Das Bürgerbegehren richtete sich gegen den angekündigten Bau eines im Jahr 2007 genehmigten, ca. 1,9 km langen Entlastungstunnels in der Ortsdurchfahrt der Bundesstraße 2 in Starnberg. Das im Juni 2017 eingereichte Bürgerbegehren zielte mit seiner Fragestellung darauf ab, dass „die Stadt Starnberg alles unternimmt, damit der planfestgestellte B 2- Tunnel in unserer Stadt nicht gebaut wird“. Diese Formulierung wurde von der Mehrheit des Stadtrats aus verschiedenen Gründen für unzulässig gehalten. Eine dagegen gerichtete Klage wies das Verwaltungsgericht München ab. Die von den Initiatoren des Bürgerbegehrens eingelegte Berufung zum BayVGH hatte ebenfalls keinen Erfolg.

In der mündlichen Verhandlung am 13. März 2019 wurde vor allem die Frage erörtert, ob die mit dem Bürgerbegehren angestrebte Verpflichtung der Stadt, „alles“ gegen den Bau des Tunnels zu unternehmen, einen hinreichend bestimmten und vollzugsfähigen Inhalt hat. Das Gericht wies die Beteiligten darauf hin, dass sich aus der Fragestellung nicht ergebe, welche rechtlichen und/oder politischen Mittel der Stadtrat und die Stadtver- waltung im Falle eines erfolgreichen Bürgerentscheids ergreifen müssten.
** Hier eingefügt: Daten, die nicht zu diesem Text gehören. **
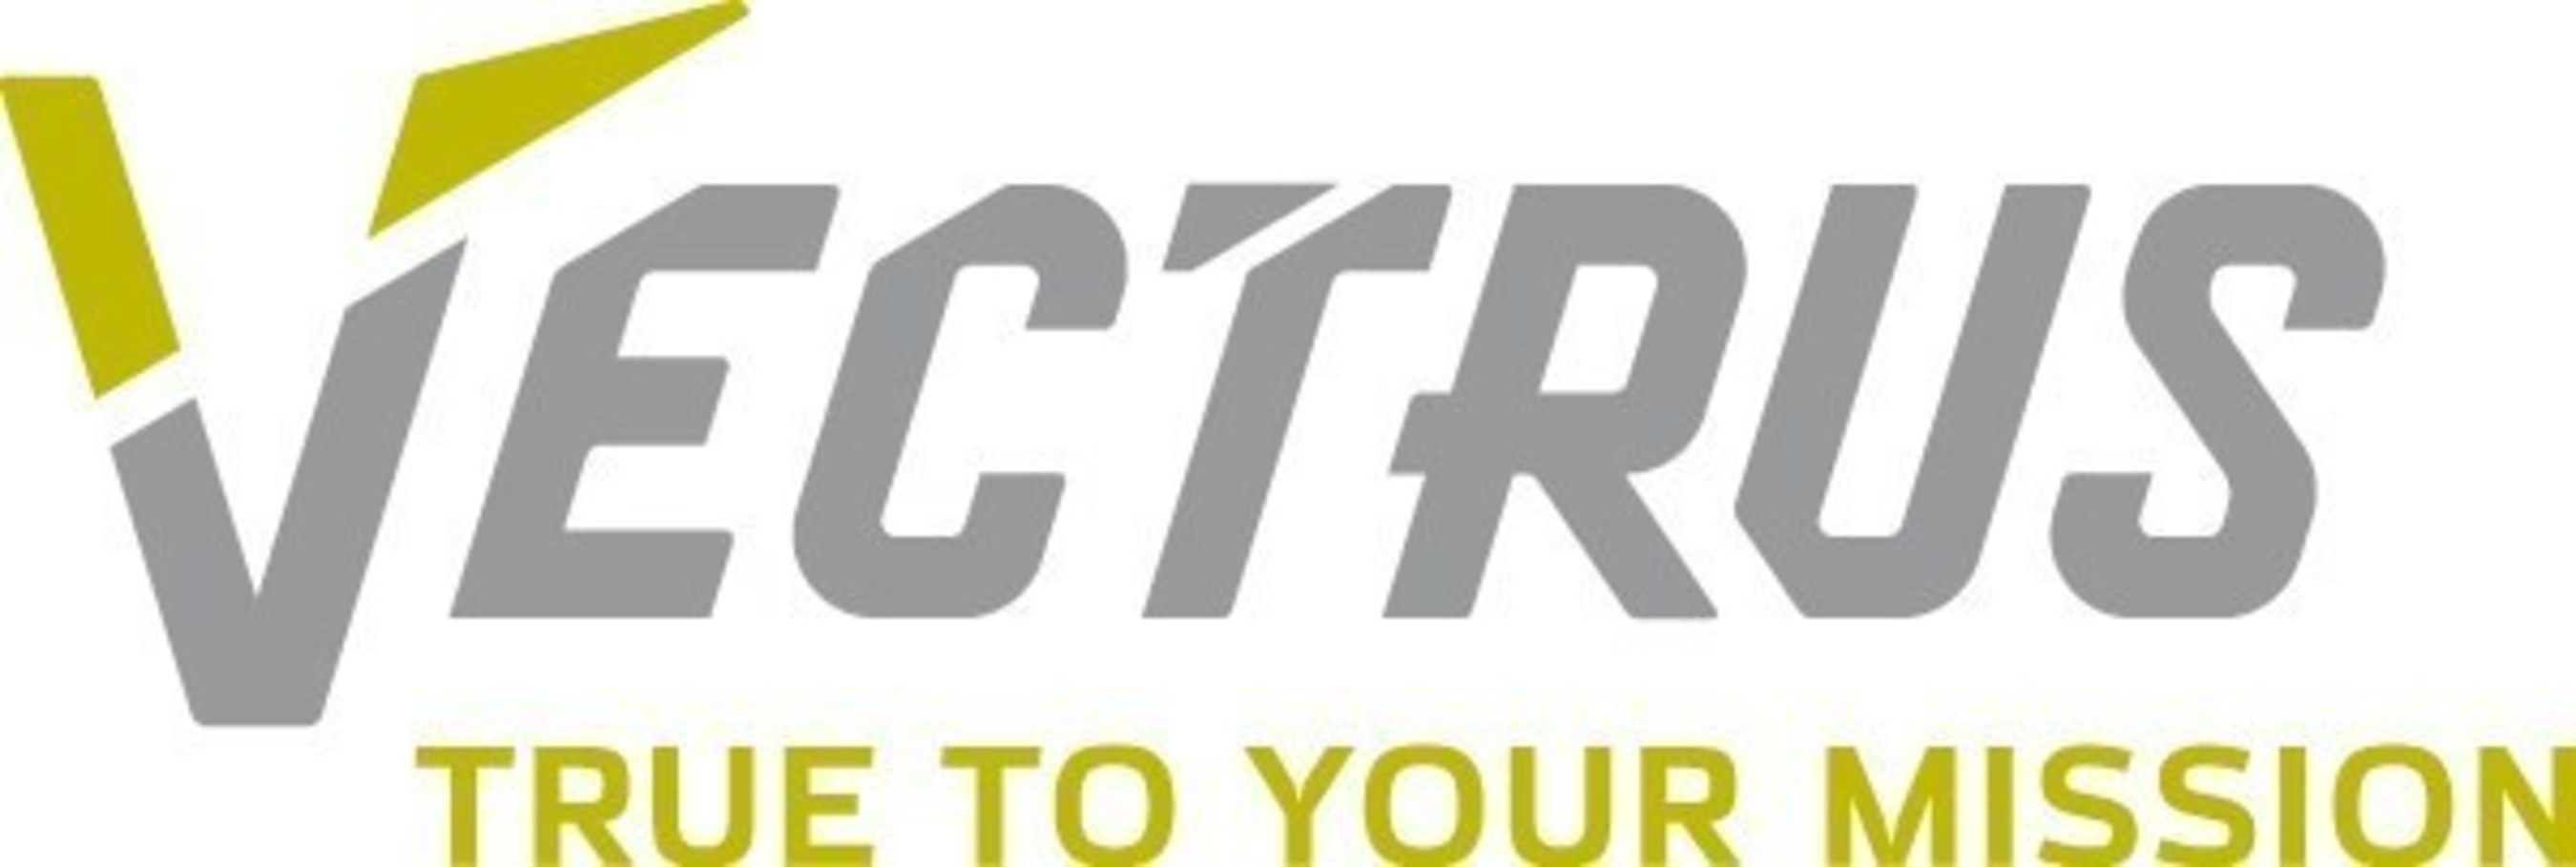 Vectrus Logo.

Nach Ansicht des BayVGH umfasst die Formulierung des Bürgerbegehrens zwar auch das ursprüngliche, rechtlich zulässige Ziel, einen zugunsten des Tunnelbaus gefassten und dem Bundesverkehrsminister förmlich mitgeteilten Stadtratsbeschluss vom Februar 2017 zu revidieren; gefordert wird aber darüber hinaus ein weiteres Tätigwerden zur Verhinderung des Tunnels.

Gegen das Urteil des BayVGH können die unterlegenen Vertreter des Bürgerbegehrens innerhalb eines Monats nach Vorliegen der schriftlichen Urteilsgründe einen Antrag auf Zulassung der Revision beim Bundesverwaltungsgericht stellen.

(BayVGH, Urteil vom 13. März 2019, Az. 4 B 18.1851)“

 

 

In einer ersten mündlichen Reaktion hat der Vorsitzende der Bürgerinitiative „Pro Umfahrung – Contra Amtstunnel“ (BI), Klaus Huber, angekündigt, die BI werde nicht aufgeben und voraussichtlich den Weg eines zweiten Bürgerbegehrens mit einer neuen Fragestellung gehen.

Bürgermeisterin Eva John, der nach eigenen Worten Bürgerbeteiligung sehr wichtig ist, anerkannte auf Nachfrage von „Lokales-aus-Starnberg“, dass in dem Verfahren vor dem VGH intensiv juristisch diskutiert worden ist. Dabei habe der Vierte Senat des VGH gezeigt, dass er eine sehr bürgerfreundliche Haltung zu Bürgerbegehren hat und außerdem deutlich gemacht, dass zum Thema B2-Tunnel vom Grundsatz her ein Bürgerbegehren möglich ist, es also ein zulässiges Bürgerbegehren geben könnte, sagte John. Das hatte das Verwaltungsgericht München (VG) wie berichtet im vergangenen  Jahr anders gesehen. Die von den Starnberger Bürgerinitiativen gewählte Fragestellung erwecke fälschlicherweise den Eindruck, dass der Stadt Starnberg noch konkrete und valide Handlungsoptionen zur Verfügung stehen, um den Tunnelbau zu verhindern. „Tatsächlich beschränken sich die der Stadt zur Verfügung stehenden Optionen aber im Wesentlichen auf politische Appelle an den Bund, der für die Finanzierung und den Bau des B2-Tunnels zuständig ist“, hieß es in der damaligen Pressemitteilung des VG zum Urteil.